### Information shown
+ + + + +

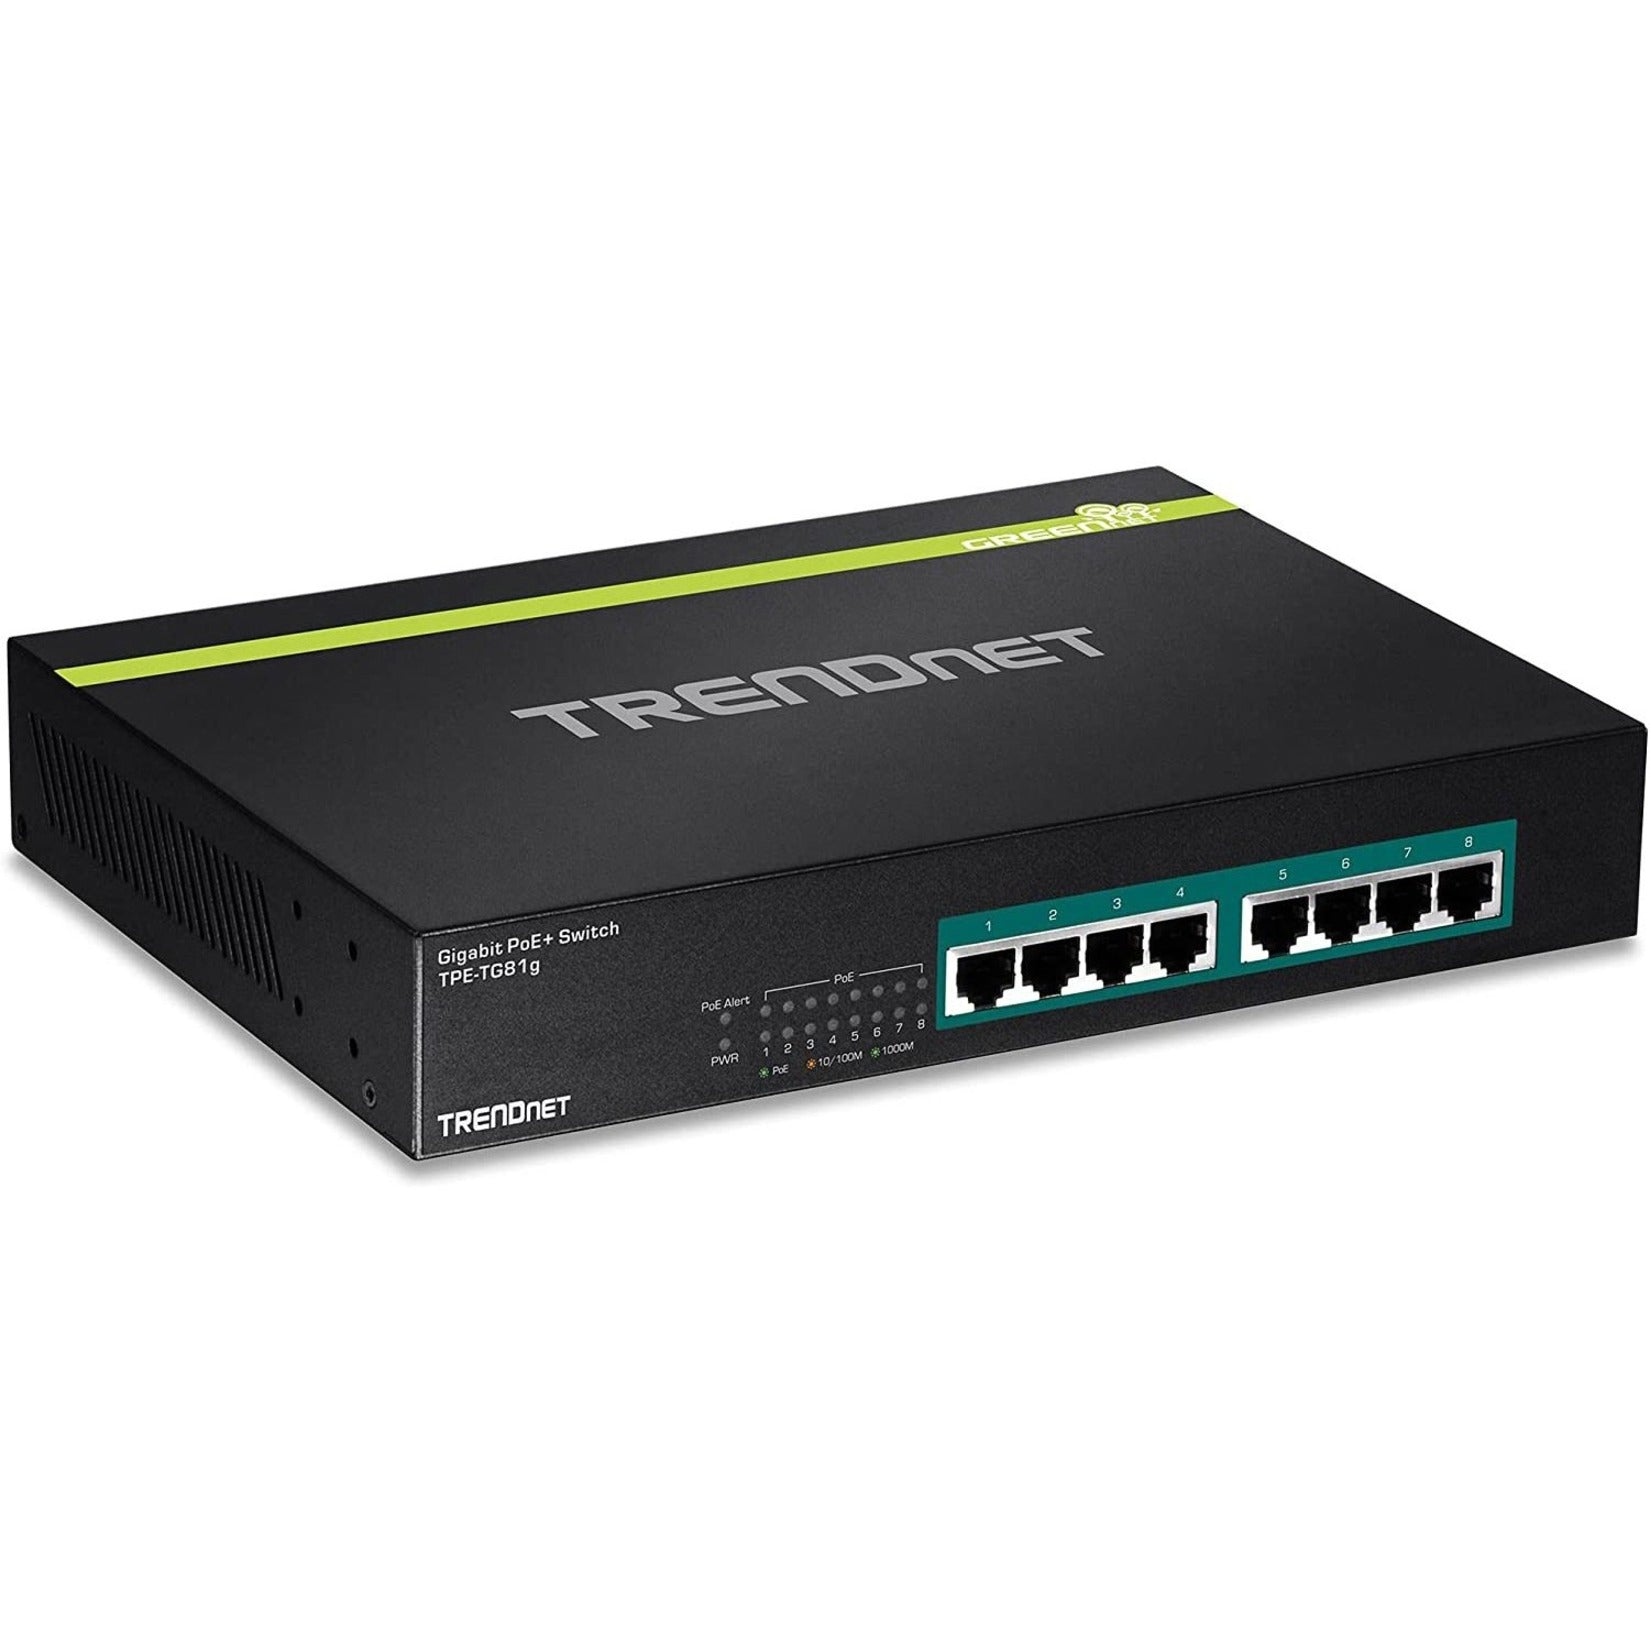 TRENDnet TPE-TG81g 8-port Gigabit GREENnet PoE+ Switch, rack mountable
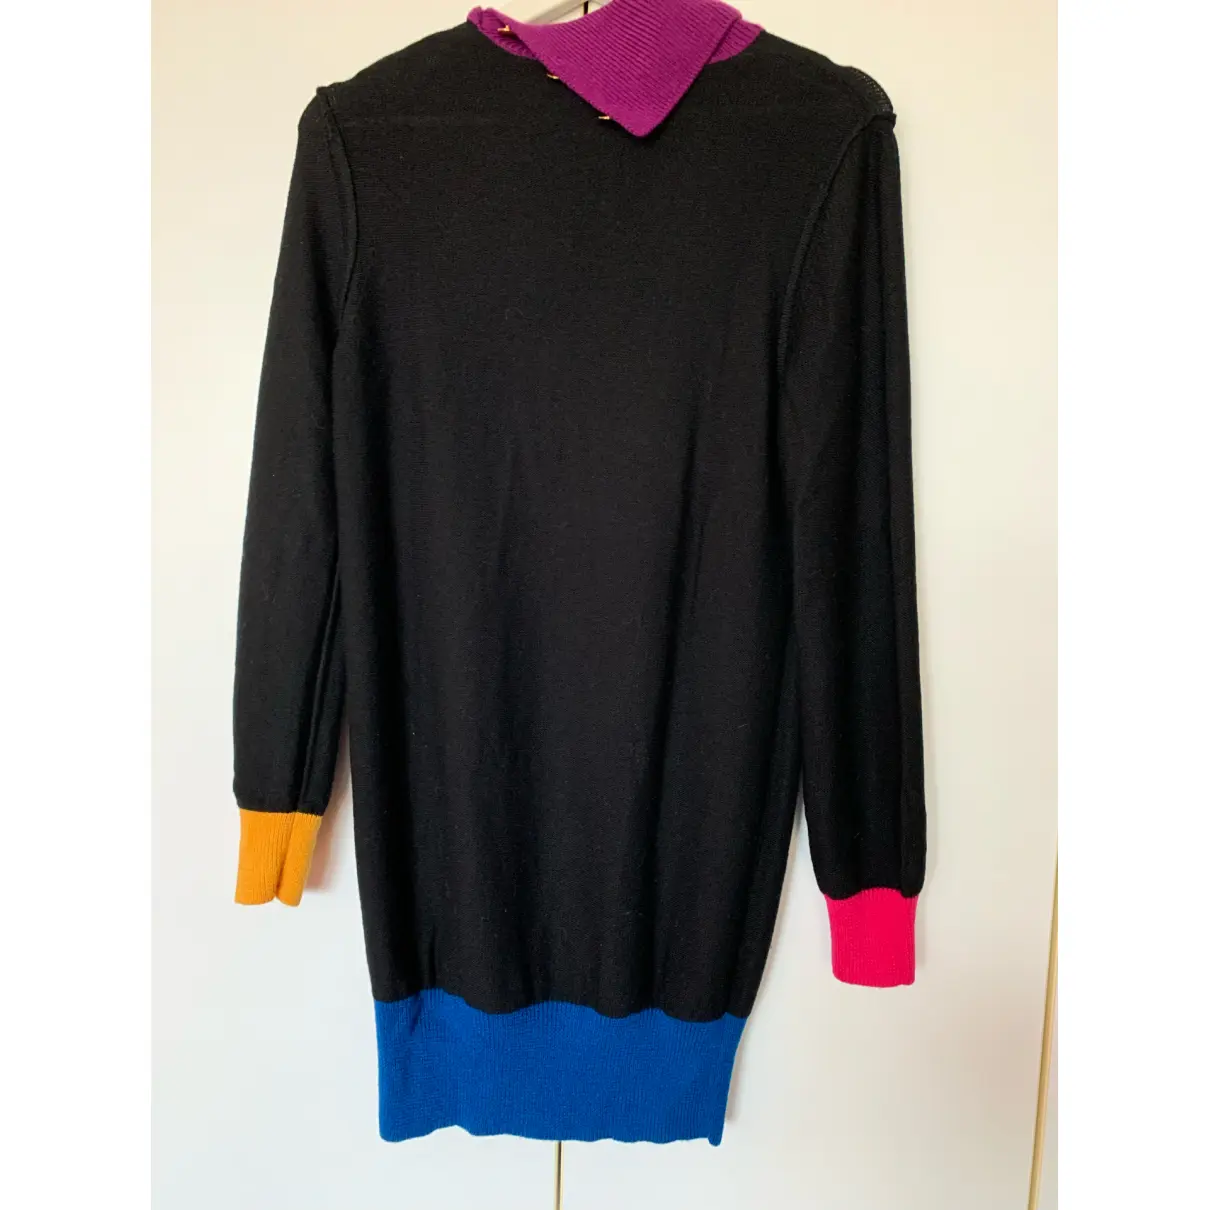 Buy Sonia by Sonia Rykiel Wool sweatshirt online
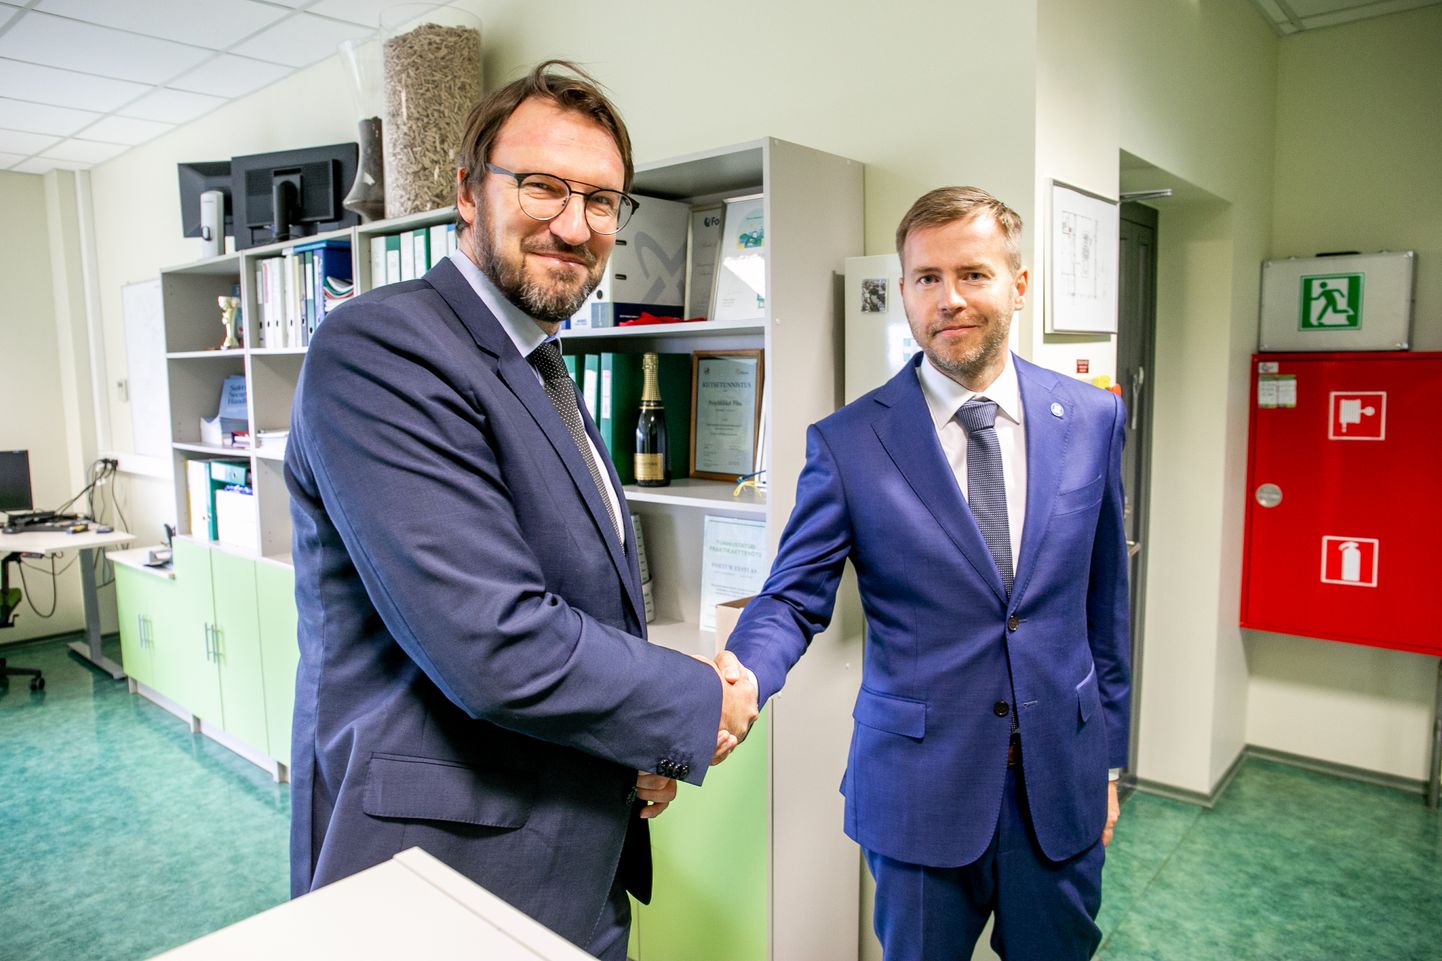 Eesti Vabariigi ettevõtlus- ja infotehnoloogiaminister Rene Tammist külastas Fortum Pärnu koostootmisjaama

+ + + + +

### Required action
Transcribe all the data word for word; the images stay out.

### Output of the exercise
 TRENDnet TPE-TG81g 8-port Gigabit GREENnet PoE+ Switch, rack mountable
 Buy Sonia by Sonia Rykiel Wool sweatshirt online
 Eesti Vabariigi ettevõtlus- ja infotehnoloogiaminister Rene Tammist külastas Fortum Pärnu koostootmisjaama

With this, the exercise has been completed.